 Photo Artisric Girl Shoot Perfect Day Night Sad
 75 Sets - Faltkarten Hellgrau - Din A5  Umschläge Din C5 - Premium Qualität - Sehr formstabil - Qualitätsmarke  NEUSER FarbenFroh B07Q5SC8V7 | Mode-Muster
---
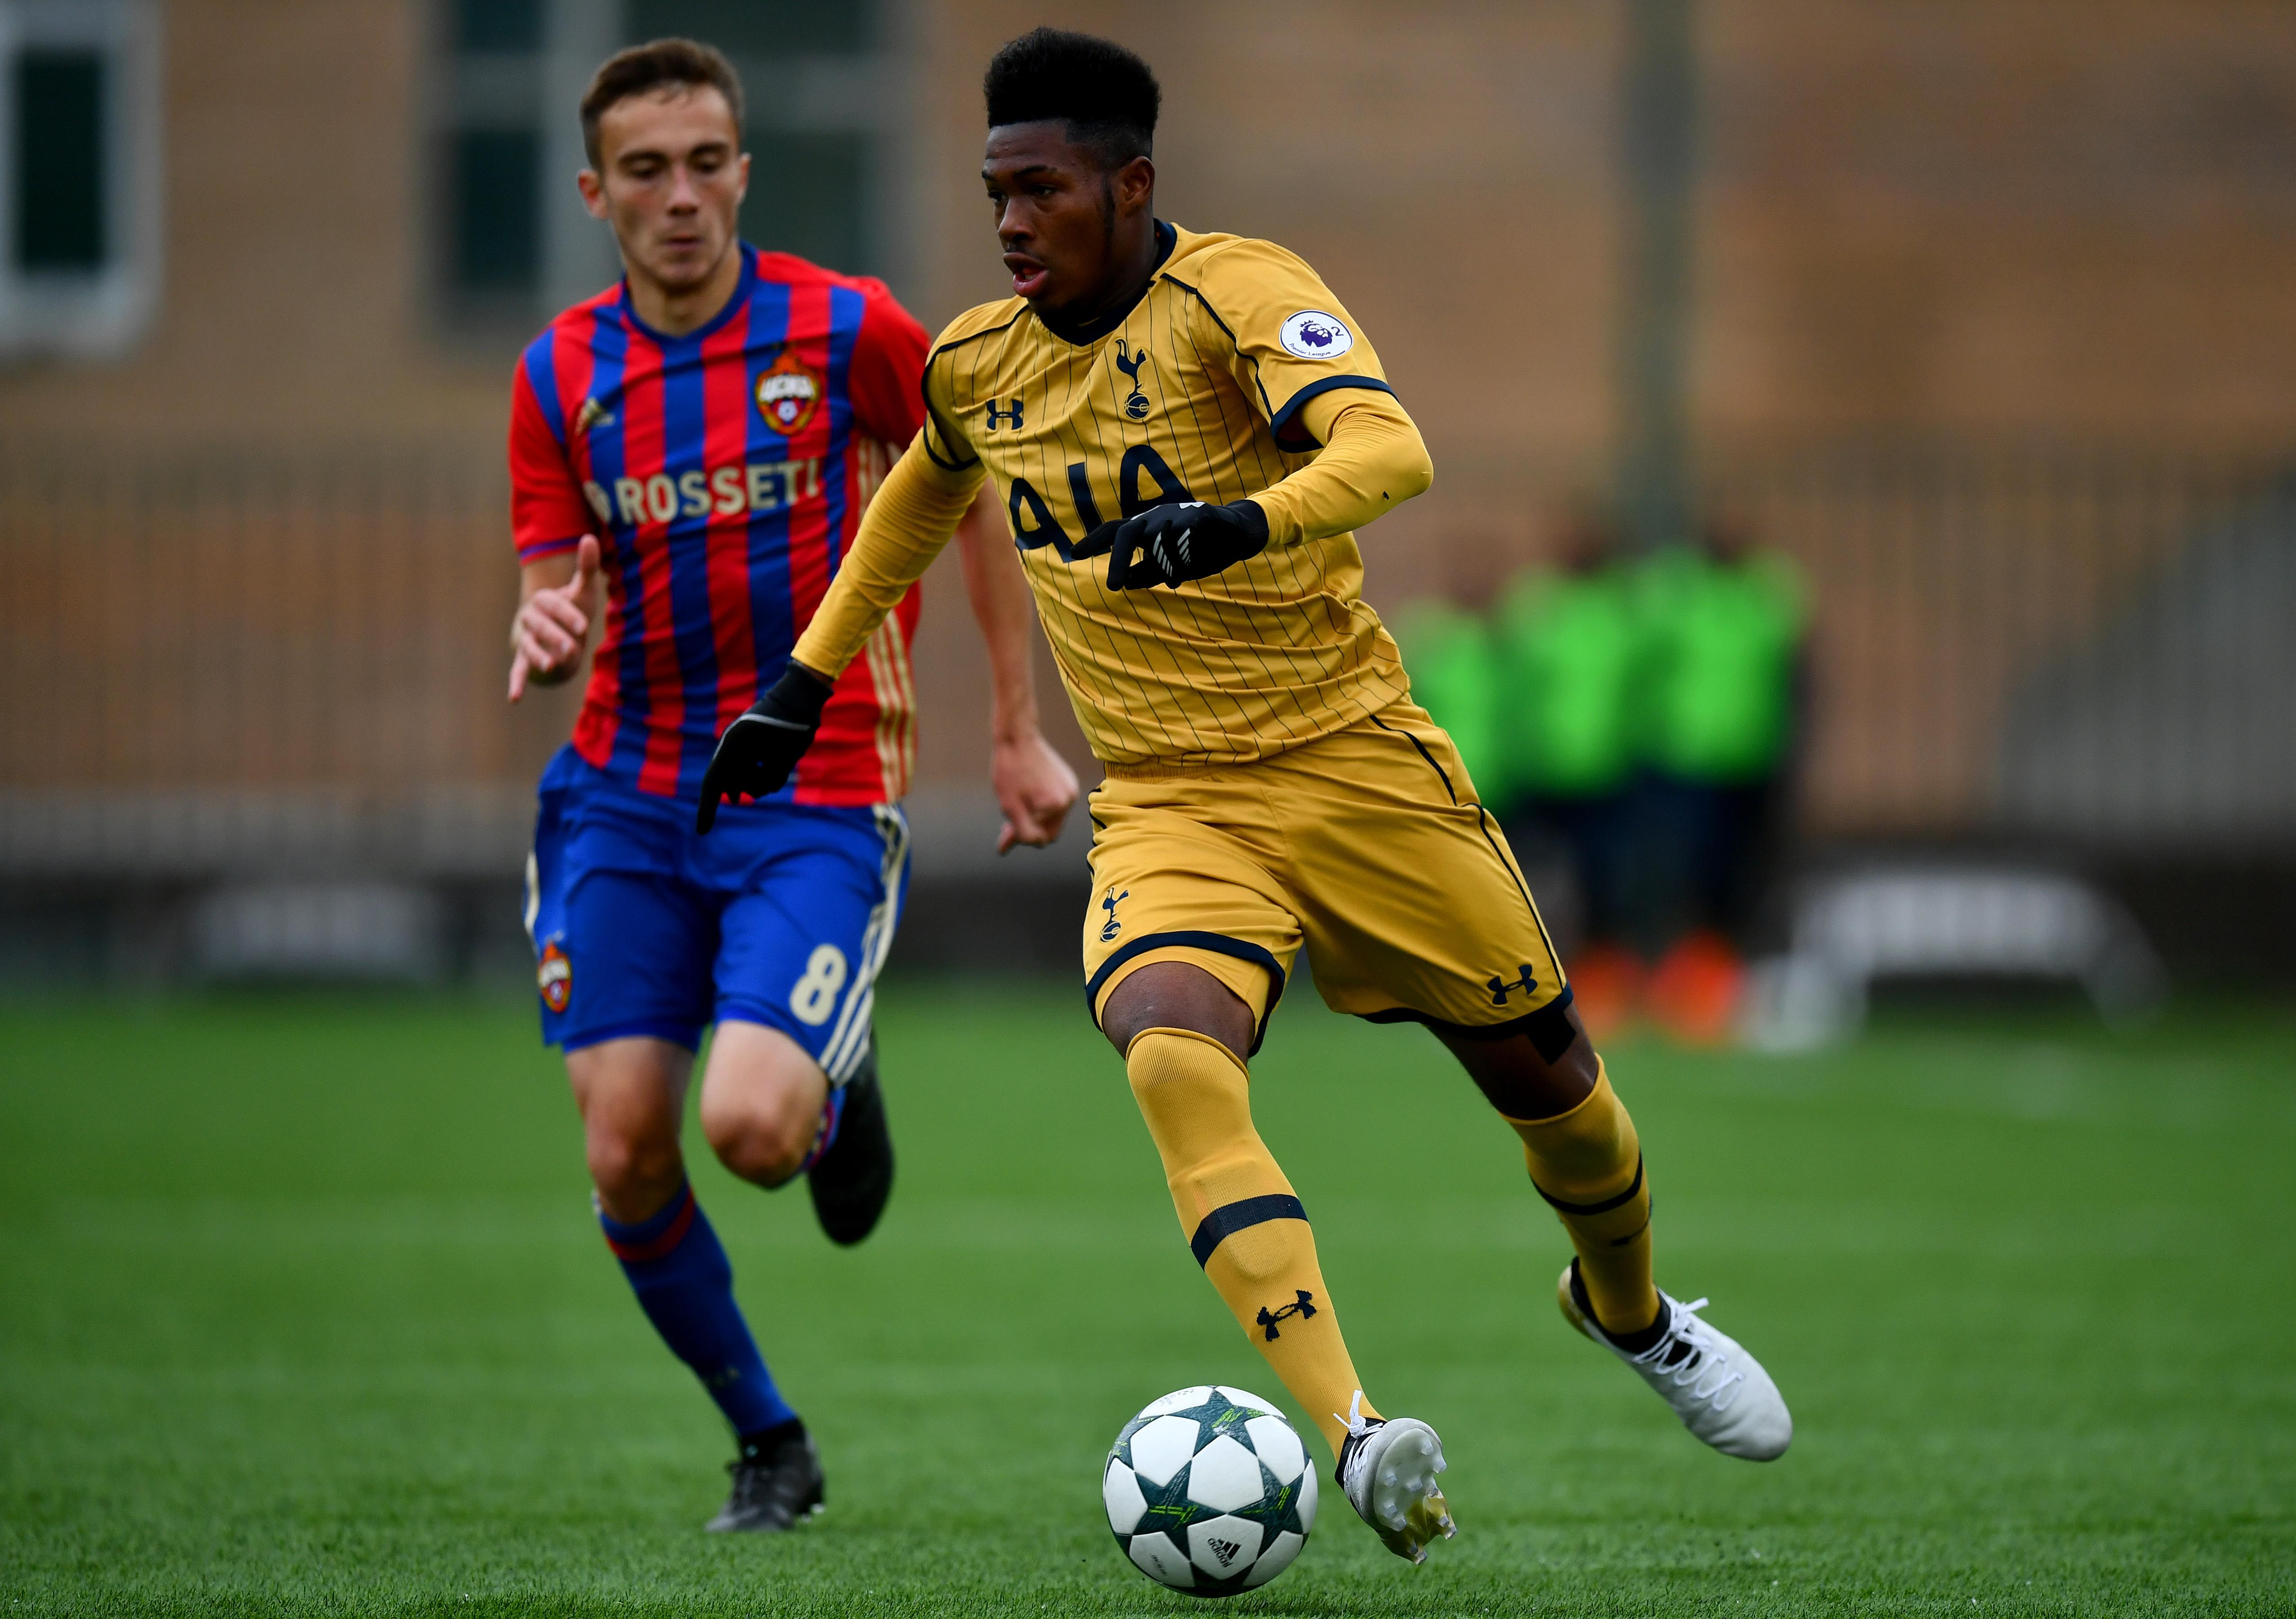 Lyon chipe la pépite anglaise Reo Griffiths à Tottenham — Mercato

### [About this task]
Return, word for word, the lines of the data above from the line with "Photo Artisric Girl" through the line with "75 Sets - Faltkarten", inclusive.

### [Solution below]
 Photo Artisric Girl Shoot Perfect Day Night Sad
 75 Sets - Faltkarten Hellgrau - Din A5  Umschläge Din C5 - Premium Qualität - Sehr formstabil - Qualitätsmarke  NEUSER FarbenFroh B07Q5SC8V7 | Mode-Muster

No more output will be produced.